Brief: Where the listing below reaches the line containing "Yamaha A-S3200 stereo amplifier", start writing out lines exactly, and stop once the line containing "British Antique Stick" has been written.

Input for this task:
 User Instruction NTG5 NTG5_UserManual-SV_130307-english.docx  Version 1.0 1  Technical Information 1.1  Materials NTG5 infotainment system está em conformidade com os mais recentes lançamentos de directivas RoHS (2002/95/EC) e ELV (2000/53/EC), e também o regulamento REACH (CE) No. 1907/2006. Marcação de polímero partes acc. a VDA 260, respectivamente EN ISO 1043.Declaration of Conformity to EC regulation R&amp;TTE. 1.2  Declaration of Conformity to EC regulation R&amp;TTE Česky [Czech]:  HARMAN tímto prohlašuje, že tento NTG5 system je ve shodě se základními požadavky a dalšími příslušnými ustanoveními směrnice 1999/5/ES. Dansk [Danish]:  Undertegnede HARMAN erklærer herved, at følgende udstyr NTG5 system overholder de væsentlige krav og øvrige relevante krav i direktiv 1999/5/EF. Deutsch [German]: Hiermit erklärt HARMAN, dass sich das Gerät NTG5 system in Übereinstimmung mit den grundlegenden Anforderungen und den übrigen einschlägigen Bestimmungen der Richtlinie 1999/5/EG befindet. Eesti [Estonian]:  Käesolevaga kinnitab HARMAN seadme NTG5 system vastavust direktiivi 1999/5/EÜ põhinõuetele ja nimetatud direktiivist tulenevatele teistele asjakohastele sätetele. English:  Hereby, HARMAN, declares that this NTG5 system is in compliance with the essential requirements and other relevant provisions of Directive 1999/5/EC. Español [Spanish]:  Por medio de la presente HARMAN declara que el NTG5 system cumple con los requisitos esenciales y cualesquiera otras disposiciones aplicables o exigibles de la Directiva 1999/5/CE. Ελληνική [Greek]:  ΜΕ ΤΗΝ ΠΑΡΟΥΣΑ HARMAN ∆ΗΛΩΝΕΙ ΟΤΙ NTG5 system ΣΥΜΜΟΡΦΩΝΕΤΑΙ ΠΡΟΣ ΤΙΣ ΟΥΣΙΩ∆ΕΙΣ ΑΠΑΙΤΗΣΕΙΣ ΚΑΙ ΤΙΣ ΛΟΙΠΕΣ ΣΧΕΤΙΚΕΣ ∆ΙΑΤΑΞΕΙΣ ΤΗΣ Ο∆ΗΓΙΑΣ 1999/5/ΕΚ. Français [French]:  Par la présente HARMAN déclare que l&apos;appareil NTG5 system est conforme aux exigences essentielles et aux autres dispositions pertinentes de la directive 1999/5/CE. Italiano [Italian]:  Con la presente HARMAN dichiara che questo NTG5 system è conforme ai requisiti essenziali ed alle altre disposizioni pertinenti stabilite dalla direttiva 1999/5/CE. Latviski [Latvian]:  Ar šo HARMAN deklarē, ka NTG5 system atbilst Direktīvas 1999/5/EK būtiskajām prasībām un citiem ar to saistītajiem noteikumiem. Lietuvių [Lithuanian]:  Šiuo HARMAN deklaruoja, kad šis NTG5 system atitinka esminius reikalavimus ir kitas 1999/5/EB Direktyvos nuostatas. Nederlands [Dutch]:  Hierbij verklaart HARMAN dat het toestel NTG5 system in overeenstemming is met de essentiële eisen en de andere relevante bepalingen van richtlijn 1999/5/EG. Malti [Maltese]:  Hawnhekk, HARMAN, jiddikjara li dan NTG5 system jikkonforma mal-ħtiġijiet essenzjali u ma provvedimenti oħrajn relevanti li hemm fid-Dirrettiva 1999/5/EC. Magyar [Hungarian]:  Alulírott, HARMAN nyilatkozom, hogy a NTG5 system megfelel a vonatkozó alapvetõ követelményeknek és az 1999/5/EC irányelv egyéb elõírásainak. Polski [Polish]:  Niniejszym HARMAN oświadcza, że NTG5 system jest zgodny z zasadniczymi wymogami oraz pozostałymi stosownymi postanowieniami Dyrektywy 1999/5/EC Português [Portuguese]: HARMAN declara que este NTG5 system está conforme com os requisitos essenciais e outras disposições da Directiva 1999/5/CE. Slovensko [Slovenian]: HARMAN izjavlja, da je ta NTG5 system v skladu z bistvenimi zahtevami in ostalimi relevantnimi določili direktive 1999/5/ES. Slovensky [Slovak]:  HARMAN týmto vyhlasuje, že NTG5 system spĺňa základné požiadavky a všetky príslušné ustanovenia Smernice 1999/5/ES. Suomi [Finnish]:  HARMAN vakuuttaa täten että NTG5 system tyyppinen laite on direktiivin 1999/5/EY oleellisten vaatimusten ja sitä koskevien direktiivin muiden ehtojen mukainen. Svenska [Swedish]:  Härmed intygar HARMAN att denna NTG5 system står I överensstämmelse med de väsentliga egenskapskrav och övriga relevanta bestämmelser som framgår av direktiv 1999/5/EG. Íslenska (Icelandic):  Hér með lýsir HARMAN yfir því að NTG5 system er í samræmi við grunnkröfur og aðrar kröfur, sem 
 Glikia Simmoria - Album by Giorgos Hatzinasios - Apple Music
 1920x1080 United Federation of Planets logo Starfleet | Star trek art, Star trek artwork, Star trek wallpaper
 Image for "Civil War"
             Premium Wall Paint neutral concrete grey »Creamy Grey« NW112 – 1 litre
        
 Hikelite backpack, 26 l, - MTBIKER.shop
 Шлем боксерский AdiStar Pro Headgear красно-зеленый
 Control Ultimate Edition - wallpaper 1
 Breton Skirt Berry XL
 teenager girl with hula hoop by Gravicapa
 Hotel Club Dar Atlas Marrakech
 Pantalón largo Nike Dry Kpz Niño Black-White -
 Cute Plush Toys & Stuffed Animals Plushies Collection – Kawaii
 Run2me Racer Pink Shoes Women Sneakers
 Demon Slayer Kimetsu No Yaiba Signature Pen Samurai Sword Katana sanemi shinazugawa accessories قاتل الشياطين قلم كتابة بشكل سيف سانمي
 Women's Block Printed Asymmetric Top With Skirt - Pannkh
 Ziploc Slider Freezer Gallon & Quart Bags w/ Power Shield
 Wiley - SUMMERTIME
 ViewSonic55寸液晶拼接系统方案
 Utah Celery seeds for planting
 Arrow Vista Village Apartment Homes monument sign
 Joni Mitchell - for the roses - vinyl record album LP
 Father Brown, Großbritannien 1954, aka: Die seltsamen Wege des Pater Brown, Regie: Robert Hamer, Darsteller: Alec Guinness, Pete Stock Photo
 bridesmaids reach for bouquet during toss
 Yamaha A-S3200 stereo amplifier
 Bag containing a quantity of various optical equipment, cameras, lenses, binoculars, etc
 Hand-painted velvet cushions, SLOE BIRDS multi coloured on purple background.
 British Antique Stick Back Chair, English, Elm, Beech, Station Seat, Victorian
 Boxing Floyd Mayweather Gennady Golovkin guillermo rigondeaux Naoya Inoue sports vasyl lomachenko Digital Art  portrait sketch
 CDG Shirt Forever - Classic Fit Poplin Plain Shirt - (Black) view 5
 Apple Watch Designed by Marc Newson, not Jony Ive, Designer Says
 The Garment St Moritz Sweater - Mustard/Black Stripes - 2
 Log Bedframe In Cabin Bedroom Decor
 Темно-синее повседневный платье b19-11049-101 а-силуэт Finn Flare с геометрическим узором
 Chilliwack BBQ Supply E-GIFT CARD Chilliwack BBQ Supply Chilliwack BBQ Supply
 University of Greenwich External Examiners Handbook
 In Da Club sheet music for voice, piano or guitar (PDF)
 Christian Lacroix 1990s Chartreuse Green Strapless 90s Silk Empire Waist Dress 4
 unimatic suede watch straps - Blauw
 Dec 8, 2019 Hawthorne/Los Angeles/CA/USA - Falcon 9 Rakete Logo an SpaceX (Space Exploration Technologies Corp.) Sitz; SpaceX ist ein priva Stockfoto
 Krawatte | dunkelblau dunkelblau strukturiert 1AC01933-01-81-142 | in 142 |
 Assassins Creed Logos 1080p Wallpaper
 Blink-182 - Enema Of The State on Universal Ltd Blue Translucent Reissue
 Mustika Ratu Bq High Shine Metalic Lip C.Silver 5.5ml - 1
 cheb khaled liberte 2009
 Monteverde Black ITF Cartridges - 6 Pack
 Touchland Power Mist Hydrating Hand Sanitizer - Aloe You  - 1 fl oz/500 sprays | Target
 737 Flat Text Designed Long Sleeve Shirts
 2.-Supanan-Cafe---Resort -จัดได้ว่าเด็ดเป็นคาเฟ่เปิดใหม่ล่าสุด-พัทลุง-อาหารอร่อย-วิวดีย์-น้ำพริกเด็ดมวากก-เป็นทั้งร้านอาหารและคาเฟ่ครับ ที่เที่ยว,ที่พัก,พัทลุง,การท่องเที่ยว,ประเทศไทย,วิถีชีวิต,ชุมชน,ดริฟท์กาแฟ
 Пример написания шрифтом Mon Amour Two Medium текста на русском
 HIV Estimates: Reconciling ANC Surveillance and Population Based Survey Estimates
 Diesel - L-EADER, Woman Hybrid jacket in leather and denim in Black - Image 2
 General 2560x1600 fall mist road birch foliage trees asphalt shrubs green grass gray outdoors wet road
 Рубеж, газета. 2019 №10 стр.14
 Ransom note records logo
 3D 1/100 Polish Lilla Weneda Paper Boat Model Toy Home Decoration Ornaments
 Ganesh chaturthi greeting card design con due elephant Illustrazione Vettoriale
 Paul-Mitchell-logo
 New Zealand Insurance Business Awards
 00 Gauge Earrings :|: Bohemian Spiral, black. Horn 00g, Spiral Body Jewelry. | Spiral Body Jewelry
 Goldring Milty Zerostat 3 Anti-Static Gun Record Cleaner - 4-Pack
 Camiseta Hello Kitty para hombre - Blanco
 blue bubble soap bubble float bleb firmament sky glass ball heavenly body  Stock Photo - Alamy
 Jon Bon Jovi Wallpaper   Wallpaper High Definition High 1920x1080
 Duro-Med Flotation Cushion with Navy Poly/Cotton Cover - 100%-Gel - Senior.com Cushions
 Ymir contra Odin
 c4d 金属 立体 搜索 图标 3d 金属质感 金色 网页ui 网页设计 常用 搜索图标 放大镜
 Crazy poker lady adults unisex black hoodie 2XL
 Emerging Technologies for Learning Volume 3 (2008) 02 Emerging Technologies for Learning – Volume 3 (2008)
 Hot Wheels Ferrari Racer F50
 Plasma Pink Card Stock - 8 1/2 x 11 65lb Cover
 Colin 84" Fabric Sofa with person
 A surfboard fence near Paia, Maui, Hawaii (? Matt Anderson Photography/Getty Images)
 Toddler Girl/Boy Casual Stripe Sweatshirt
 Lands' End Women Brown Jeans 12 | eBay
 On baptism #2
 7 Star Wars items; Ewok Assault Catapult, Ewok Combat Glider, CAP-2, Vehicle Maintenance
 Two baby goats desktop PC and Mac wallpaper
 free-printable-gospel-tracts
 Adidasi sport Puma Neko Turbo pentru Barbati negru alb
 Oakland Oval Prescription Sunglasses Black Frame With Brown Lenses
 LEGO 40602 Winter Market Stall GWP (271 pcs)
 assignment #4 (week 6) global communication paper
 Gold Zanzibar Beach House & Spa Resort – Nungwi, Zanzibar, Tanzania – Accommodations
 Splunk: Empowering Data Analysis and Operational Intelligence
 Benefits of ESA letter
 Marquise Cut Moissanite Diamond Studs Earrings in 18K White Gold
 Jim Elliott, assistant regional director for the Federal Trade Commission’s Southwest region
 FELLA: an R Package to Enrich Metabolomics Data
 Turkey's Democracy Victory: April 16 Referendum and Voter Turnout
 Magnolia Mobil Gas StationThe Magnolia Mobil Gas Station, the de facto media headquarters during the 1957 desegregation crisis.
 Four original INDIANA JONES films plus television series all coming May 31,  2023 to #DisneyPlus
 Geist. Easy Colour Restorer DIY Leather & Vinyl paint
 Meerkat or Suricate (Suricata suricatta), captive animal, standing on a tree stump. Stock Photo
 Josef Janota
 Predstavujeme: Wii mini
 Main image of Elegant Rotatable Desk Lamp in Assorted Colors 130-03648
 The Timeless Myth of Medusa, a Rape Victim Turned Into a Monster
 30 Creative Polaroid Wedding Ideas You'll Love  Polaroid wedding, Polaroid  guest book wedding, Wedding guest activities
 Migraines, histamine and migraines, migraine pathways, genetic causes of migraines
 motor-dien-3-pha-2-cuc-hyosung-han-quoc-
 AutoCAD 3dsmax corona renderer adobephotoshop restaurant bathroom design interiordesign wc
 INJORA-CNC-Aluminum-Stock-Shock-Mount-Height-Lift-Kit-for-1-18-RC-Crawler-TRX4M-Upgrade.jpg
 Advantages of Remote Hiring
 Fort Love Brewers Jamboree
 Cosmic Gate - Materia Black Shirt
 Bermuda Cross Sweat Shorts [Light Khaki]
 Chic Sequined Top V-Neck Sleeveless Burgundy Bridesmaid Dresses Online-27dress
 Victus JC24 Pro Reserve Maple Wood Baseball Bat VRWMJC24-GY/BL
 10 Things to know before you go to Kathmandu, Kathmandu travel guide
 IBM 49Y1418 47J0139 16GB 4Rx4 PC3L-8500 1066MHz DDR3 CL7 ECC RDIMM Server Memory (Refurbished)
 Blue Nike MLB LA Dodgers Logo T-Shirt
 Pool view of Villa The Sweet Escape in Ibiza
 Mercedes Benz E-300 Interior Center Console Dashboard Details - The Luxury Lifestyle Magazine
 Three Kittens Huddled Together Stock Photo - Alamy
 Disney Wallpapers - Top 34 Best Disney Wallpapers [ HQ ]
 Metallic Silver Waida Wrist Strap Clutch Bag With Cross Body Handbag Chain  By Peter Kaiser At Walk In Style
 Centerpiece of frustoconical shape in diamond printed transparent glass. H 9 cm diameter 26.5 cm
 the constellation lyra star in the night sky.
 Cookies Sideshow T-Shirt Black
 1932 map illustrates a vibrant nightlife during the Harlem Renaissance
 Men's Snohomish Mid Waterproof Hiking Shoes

Output for this exercise:
 Yamaha A-S3200 stereo amplifier
 Bag containing a quantity of various optical equipment, cameras, lenses, binoculars, etc
 Hand-painted velvet cushions, SLOE BIRDS multi coloured on purple background.
 British Antique Stick Back Chair, English, Elm, Beech, Station Seat, Victorian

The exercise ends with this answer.